By observing 5 slices with different bilirubin levels and combining them with relevant clinical information, the specific characteristic features and changes of NHB on MRI could be summarized. Specifically, as the bilirubin level increased, the signal in the T1WI sequence for the globus pallidus area (the red box area in the image) demonstrated overall enhancement. The signal intensity in the rest of the image, however, remained essentially unchanged. The images were evaluated by 2 cooperative hospital radiologists with over 8 years of experience in MR image interpretation, who arrived at a consistent conclusion. A comparison between the box area in the image and the region highlighted by the model in the Grad-CAM revealed consistent identification of ROI. It demonstrated the model’s ability to identify specific manifestations of NHB in imaging and locate the ROI. These findings demonstrated the feasibility and efficacy of our DL-based approach in assisting the clinical diagnosis of NHB.

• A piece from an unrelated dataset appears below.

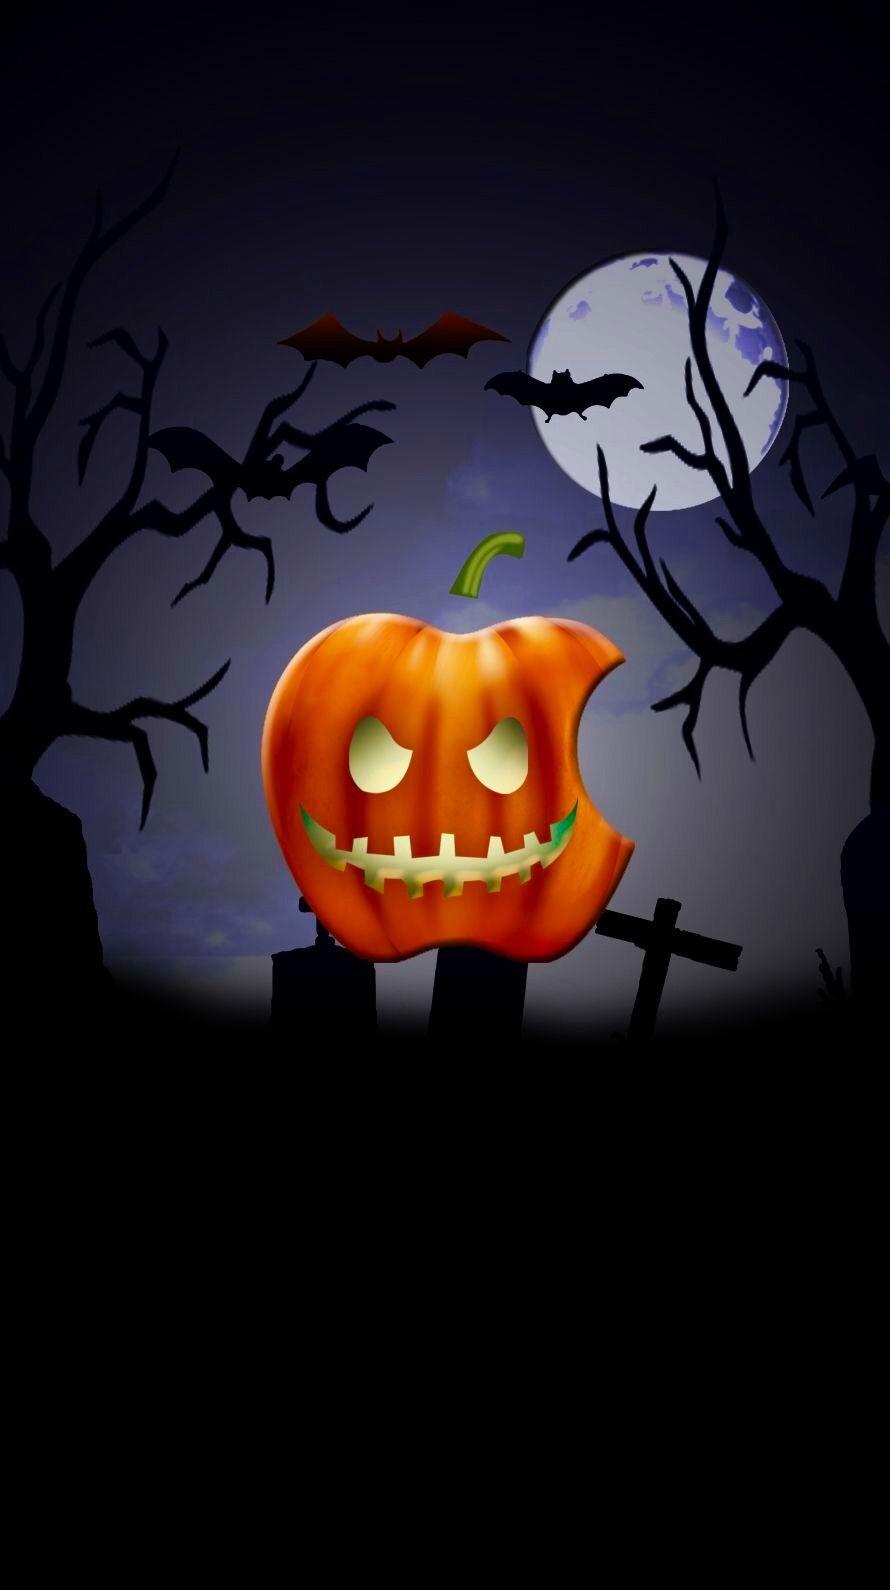 Jack O Lantern Apple Halloween Wallpaper Apple Logo Wallpaper Apple Wallpaper

Comparison with other advanced models

On the T1-weighted MRI dataset, we compared and evaluated the performance of various advanced models for analyzing and predicting NHB. The comparative analysis demonstrated that the our GCN developed in this study achieved superior results in identifying and predicting this disease. Figure 8 displays the prediction ACC results of various models for NHB, whereas Figure 9 illustrates the ACC curves representing the prediction ability of these models.

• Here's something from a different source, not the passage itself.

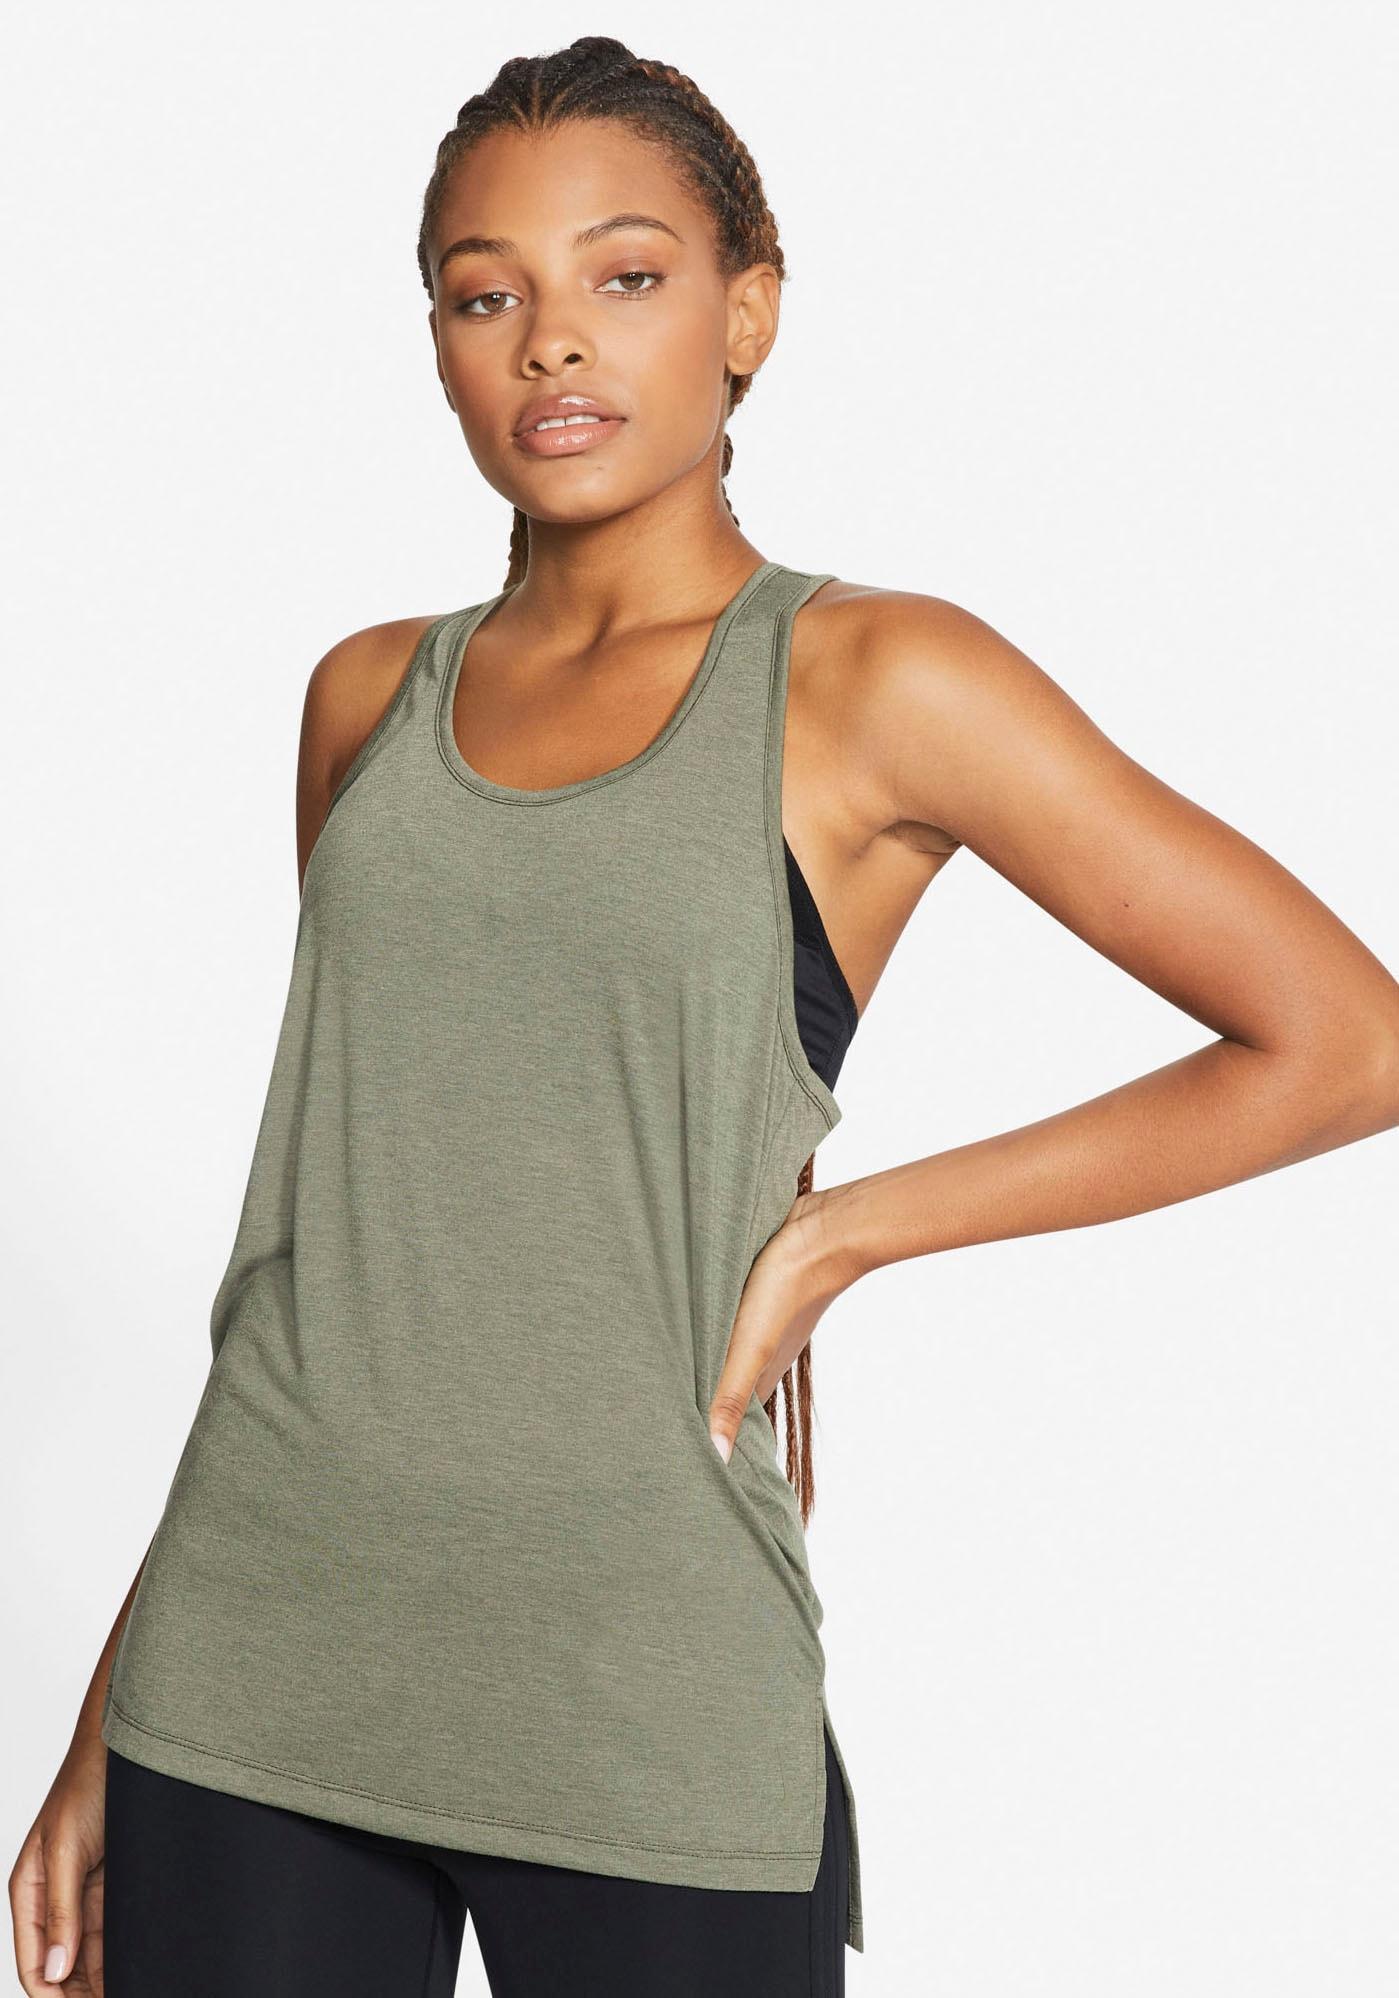 Nike Yogatop Yoga Women's Tank grün Damen Trägertops Tops

Figure 8 Comparison in prediction accuracy among various models for NHB. ACC, accuracy; SVM, support vector machine; CNN, convolutional neural network; Inception-v3, Inception-v3 convolutional neural network; GCN, graph convolutional network; ResNet, residual neural network; our GCN, 3D patch-based graph attention convolutional network; 3D, 3-dimensional; NHB, neonatal hyperbilirubinemia.

Figure 9 Accuracy curves of various models for prediction of NHB. SVM, support vector machine; CNN, convolutional neural network; Inception-v3, Inception-v3 convolutional neural network; ResNet, residual neural network; GCN, graph convolutional network; our GCN, 3D patch-based graph attention convolutional network; 3D, 3-dimensional; NHB, neonatal hyperbilirubinemia.

Discussion

Severe hyperbilirubinemia presents a significant health risk to infants. Failure to provide timely clinical intervention significantly increases the risk of severe and irreversible brain damage in infants. MRI scans are of great value in differentiating NHB, and the MRI-based identification of NHB has gradually gained more attention in clinical practice (21-24). The MRI analysis of NHB reveals that as serum bilirubin levels dynamic and continuously rise, the increased signal intensity of the globus pallidum on T1WI sequence of MRI serves as a crucial indication of neonatal bilirubin encephalopathy. Exploring MRI image features with the dynamic changes of bilirubin levels and early detection of NHB could aid in the development of an appropriate treatment plan, which leads to a higher cure rate. The emergence of DL technology can assist and facilitate radiologists in effectively analyzing and predicting the NHB. In our study, DL methods were predominantly employed to analyze and evaluate brain MRI images of neonates with hyperbilirubinemia. We analyzed and evaluated the correlation and regularity between continuous dynamic changes in multi-threshold bilirubin levels and corresponding MRI image features in diagnosing NHB. We found that the trends in MRI image features of NHB were consistent with the corresponding continuous dynamic changes in serum bilirubin levels, and there was a positive correlation between the 2 when the serum bilirubin value exceeded 400 µmol/L. We demonstrated that DL models can analyze the dynamic changes and trends of elevated bilirubin levels in MRI imaging effectively and efficiently. Moreover, these models have also achieved good performance in discriminating brain tissues into normal and hyperbilirubinemia classes. Our results indicated that MRI image features could be considered an important auxiliary method for evaluating the changes of bilirubin deposition in NHB, and could provide clinicians with valuable information for diagnostic and therapeutic decision-making. Of note, DL models contribute to improving the diagnostic efficiency of clinicians and provide a new diagnostic strategy for NHB.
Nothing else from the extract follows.